Axel Kicillof, Máximo Kirchner y Sergio Massa se reunieron este domingo en la gobernación bonaerense con el objetivo de avanzar en una hoja de ruta común de cara tanto a las elecciones provinciales del 7 de septiembre como a las nacionales del 26 de octubre. La cumbre se desarrolló en La Plata entre las 18 y las 22, en simultáneo con la difusión de los triunfos del justicialismo en Formosa y Rosario.
Del encuentro participaron intendentes que responden a los tres sectores mayoritarios de Unión por la Patria (UP), así como también referentes del espacio de Juan Grabois —como Itai Hagman y Federico Fagioli—. En representación de La Cámpora estuvieron los intendentes Mayra Mendoza (Quilmes), Mariel Fernández (Moreno) y Federico Otermín (Lomas de Zamora); por el Movimiento Derecho al Futuro acompañaron a Kicillof su ministro de Gobierno Carlos Bianco, Mario Secco (Ensenada), Julio Alak (La Plata), Fernando Espinoza (La Matanza), Andrés Watson (Florencio Varela) y el exjefe comunal de Ituzaingó, Alberto Descalzo. Massa, por su parte, estuvo junto a Sebastián Galmarini, el intendente de San Fernando Juan Andreotti y el presidente de la Cámara de Diputados bonaerense, Alexis Guerrera.
Según indicaron fuentes presentes en la cumbre, se acordó avanzar en una estrategia electoral conjunta que incluirá tres pilares: unidad interna, posicionamiento político frente al gobierno de Javier Milei y la creación de una “mesa chica” que será la encargada de definir candidaturas. La estrategia electoral será encabezada por Kicillof, mientras que el armado de listas quedará en manos de los tres principales actores del espacio.
También se resolvió constituir triunviratos por distrito que coordinen las campañas y cierren los acuerdos locales. Como dato saliente, además, los máximos referentes de Unión por la Patria se pusieron de acuerdo en que las listas nacionales y provinciales se cerrarán todas juntas.
Entre los consensos alcanzados, se destacó la necesidad de “enfrentar las políticas de ajuste y endeudamiento de Milei, defender la inocencia de Cristina Kirchner y evitar que la motosierra ingrese a la provincia de Buenos Aires”.
A su vez, se estableció que el criterio para el armado de las listas seccionales será la competitividad de los candidatos (quien más mida), para asegurar que el peronismo llegue con chances reales a ambas elecciones. «No se habló de nombres, sino que el uno será el que mejor mida. Y los intendentes de cada espacio cobran en su espacio», detallaron desde el peronismo.

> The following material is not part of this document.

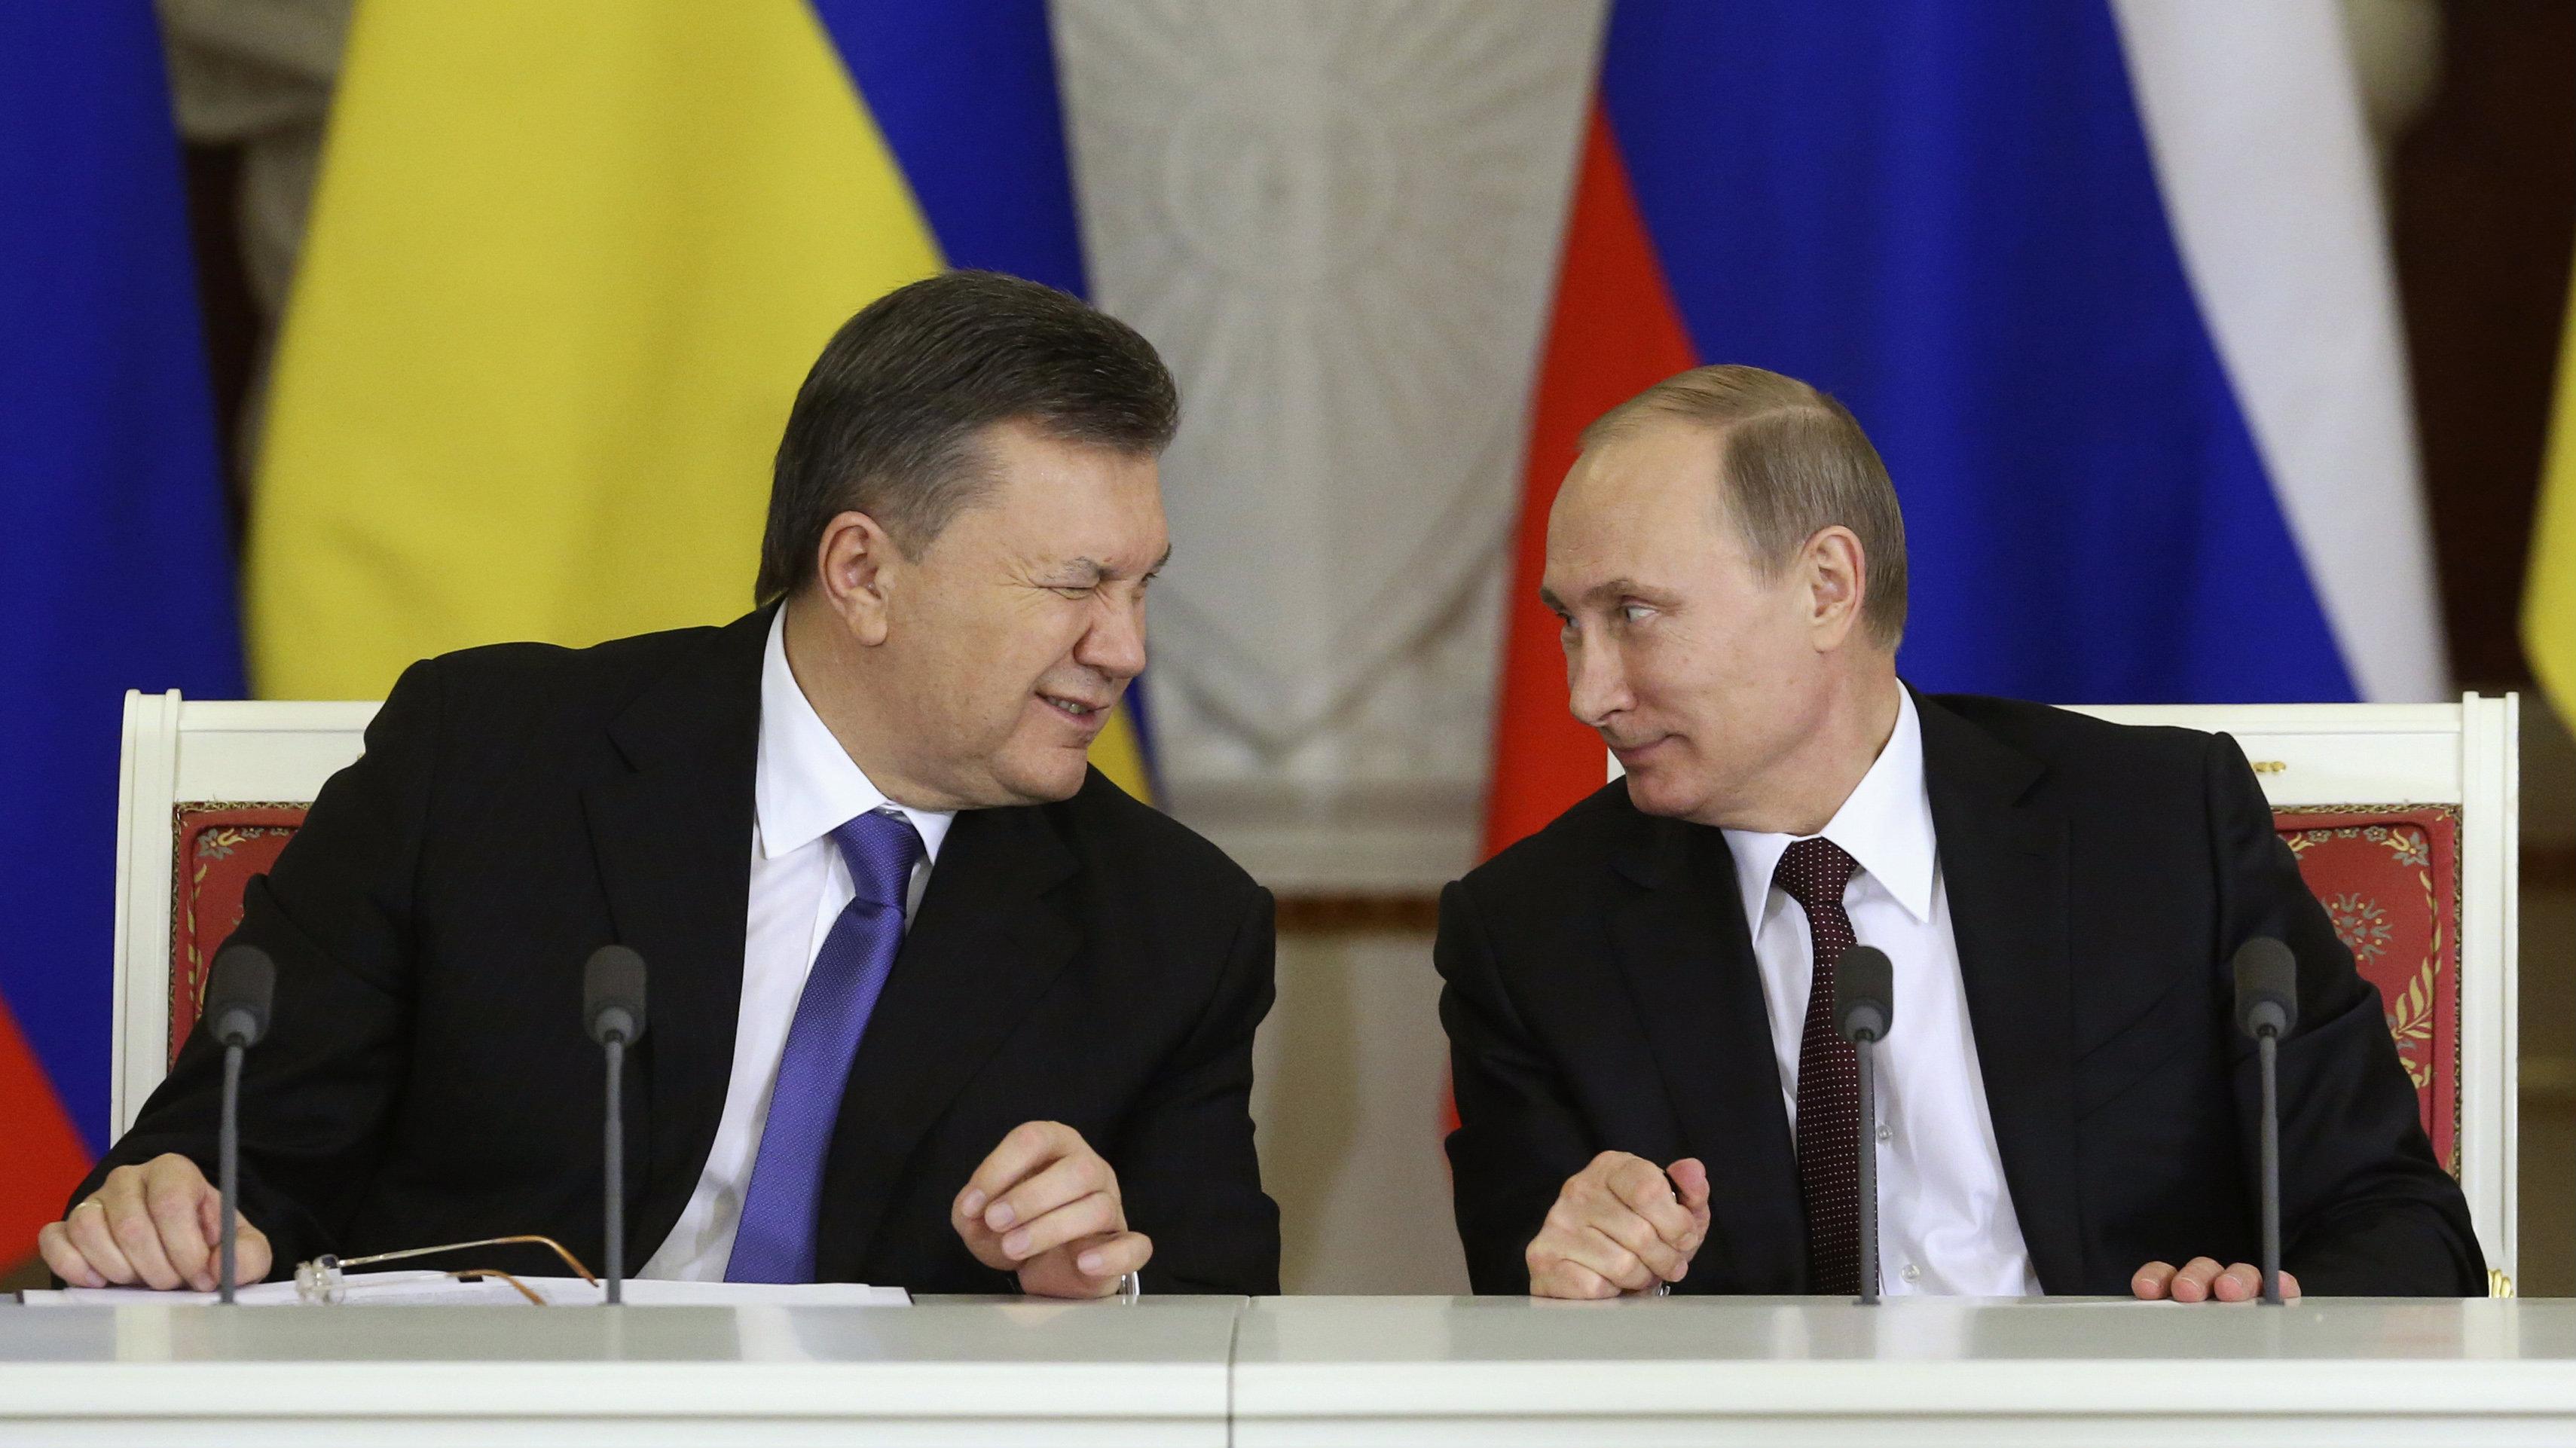 ukraine pres winking at putin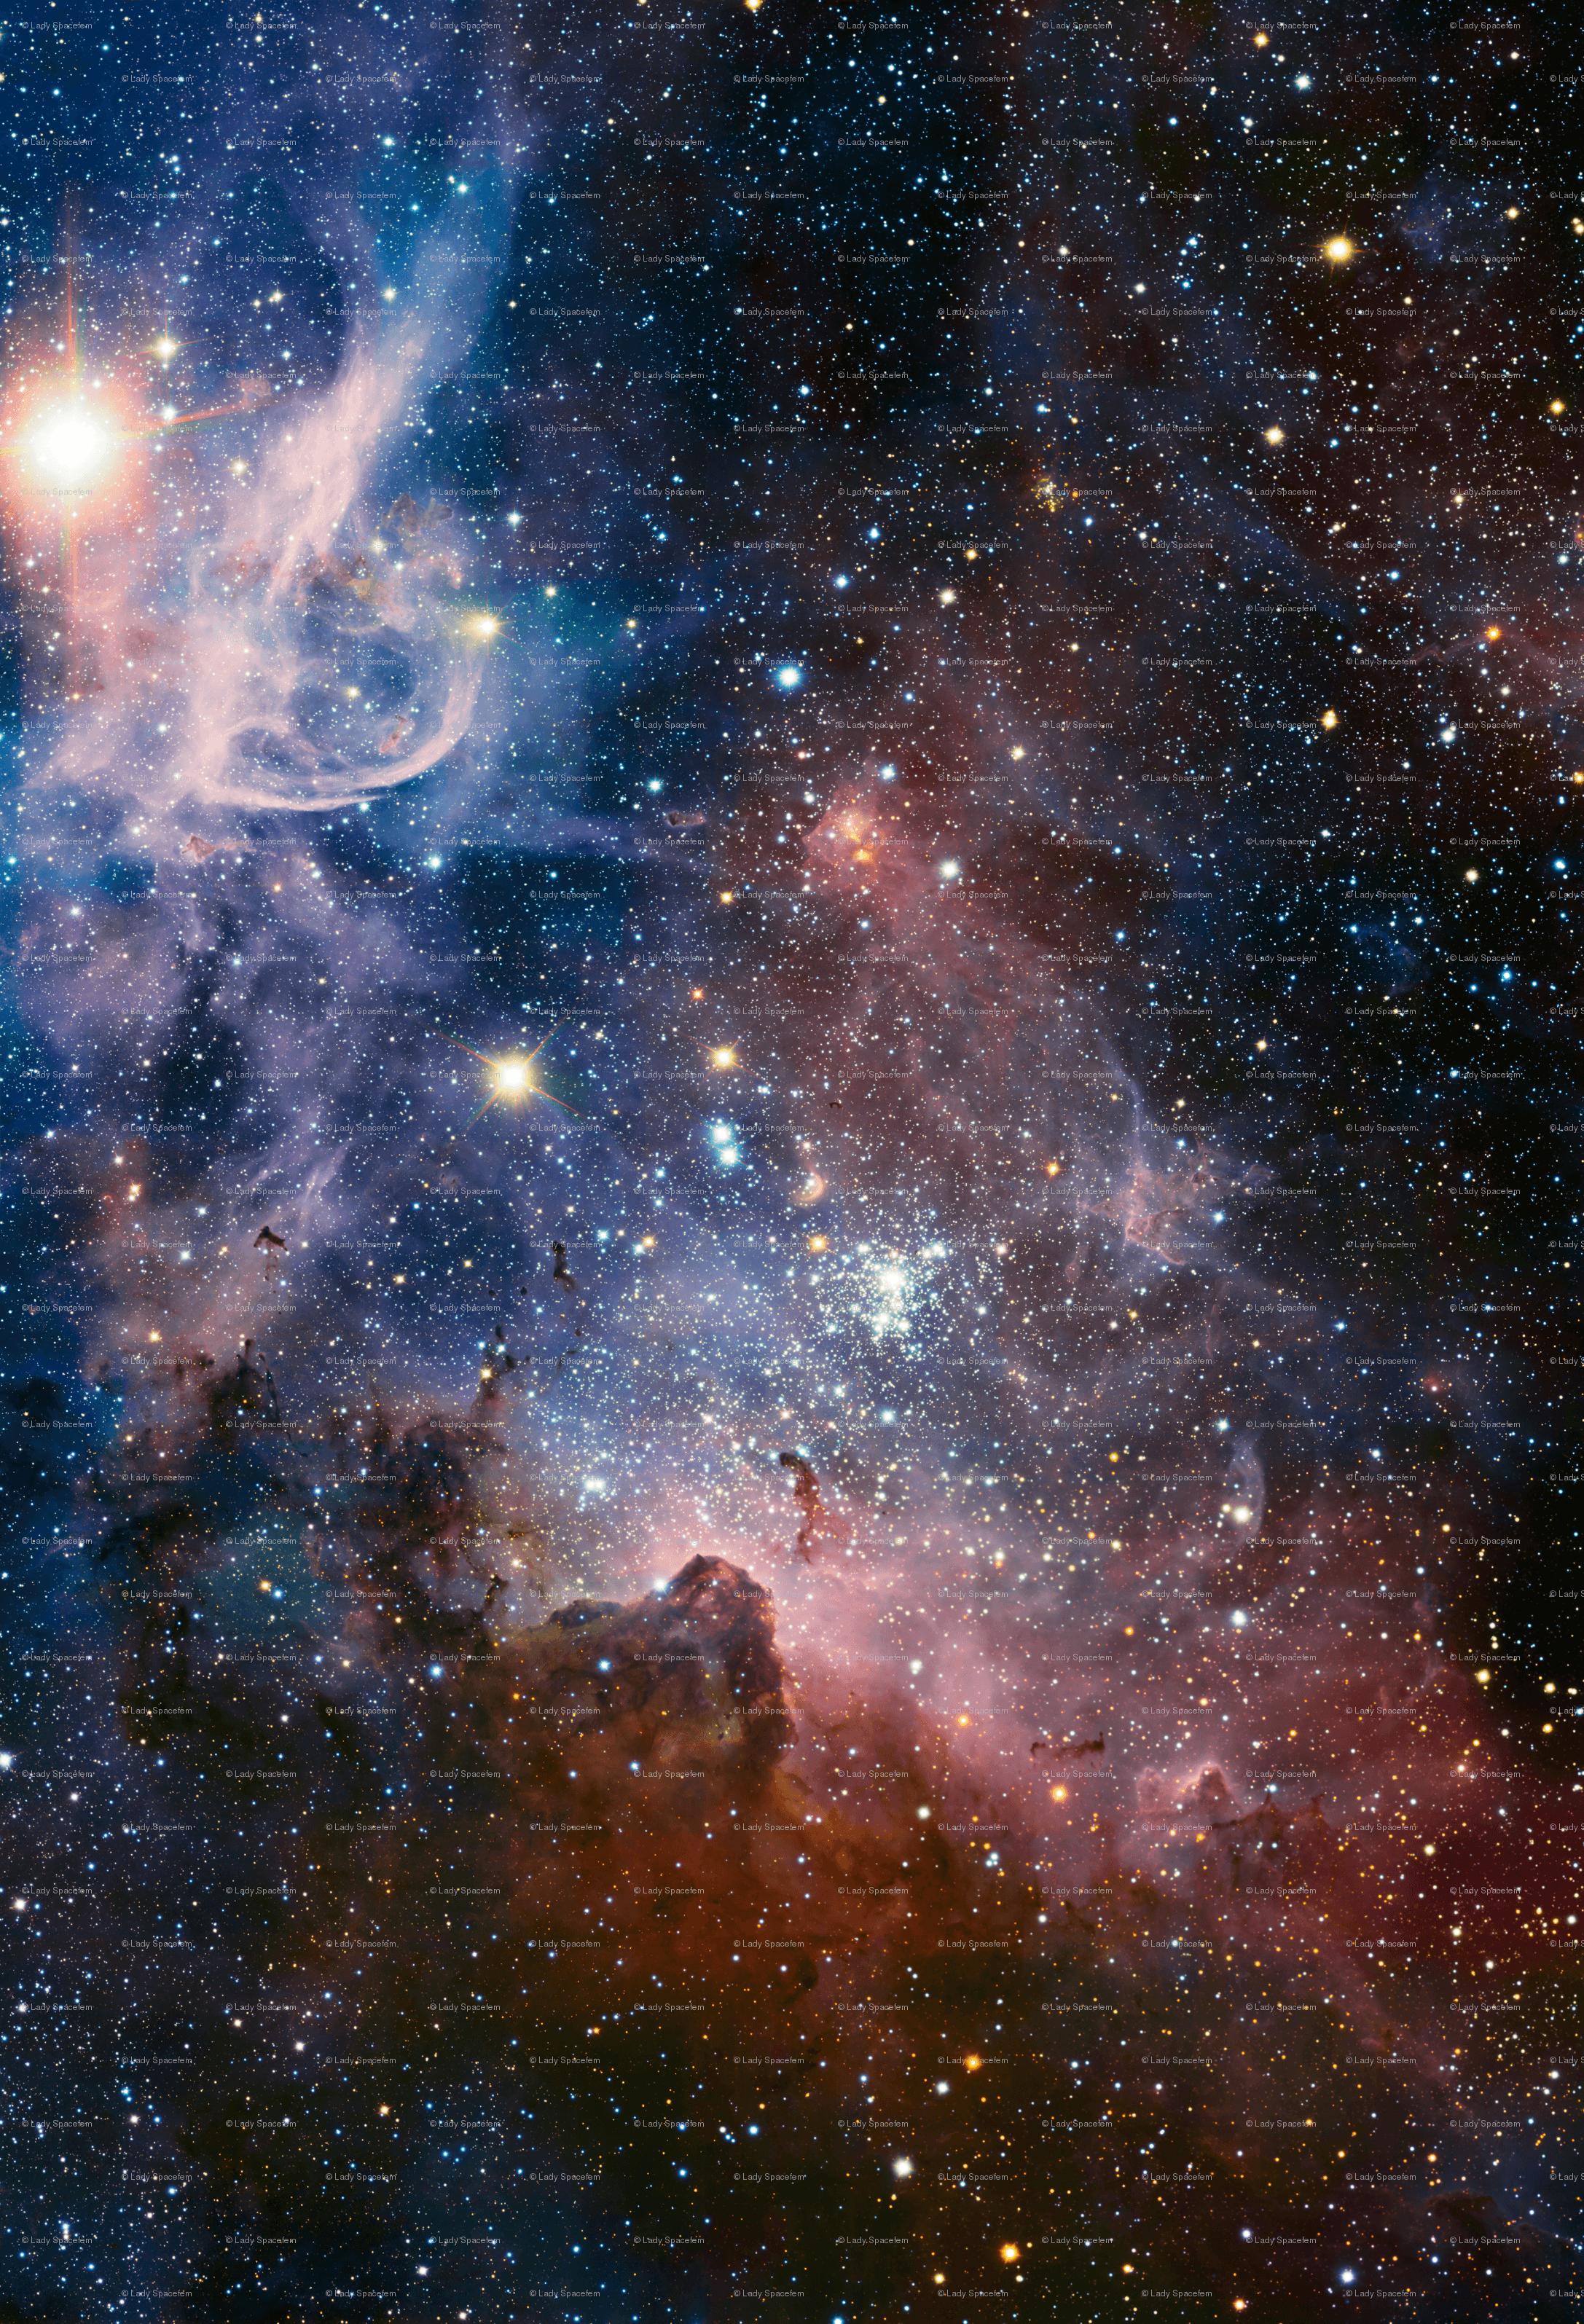 2174x3190 Carina Nebula 58x85 inch vải - spacefem

En tanto, se planteó que la posibilidad de incluir colectoras no está en la mira y, de implementarse, sería sólo con uniones vecinales ya existentes.
El clima de la reunión fue mayormente bueno, aunque no faltaron momentos de discusión intensa entre los referentes de los distintos espacios. La prioridad, de todos modos, fue clara: garantizar la unidad para no dejarle margen a una eventual alianza entre el PRO y La Libertad Avanza, que desde el peronismo interpretan como la principal amenaza electoral en el territorio bonaerense.
Una nueva reunión fue convocada para este martes, con el objetivo de seguir puliendo los acuerdos y avanzar en la definición del esquema de listas. El calendario impone urgencias: el sábado 5 de julio se reunirá el PJ bonaerense para delinear la estrategia formal del partido, y el 9 de julio vence el plazo para la presentación de alianzas. Diez días después, el 19, cierra el plazo para inscribir las listas de candidatos.
En el kirchnerismo todavía hay cuestionamientos al desdoblamiento impulsado por Kicillof, que separó las elecciones provinciales de las nacionales. Sin embargo, la reciente detención de Cristina Kirchner y el avance de las políticas nacionales del gobierno de Milei aceleraron las negociaciones y ordenaron las prioridades.
Mientras tanto, en la vereda de enfrente, los armadores del PRO y de La Libertad Avanza también apuran definiciones con el objetivo de llegar unificados a los comicios y disputarle al peronismo su bastión más fuerte.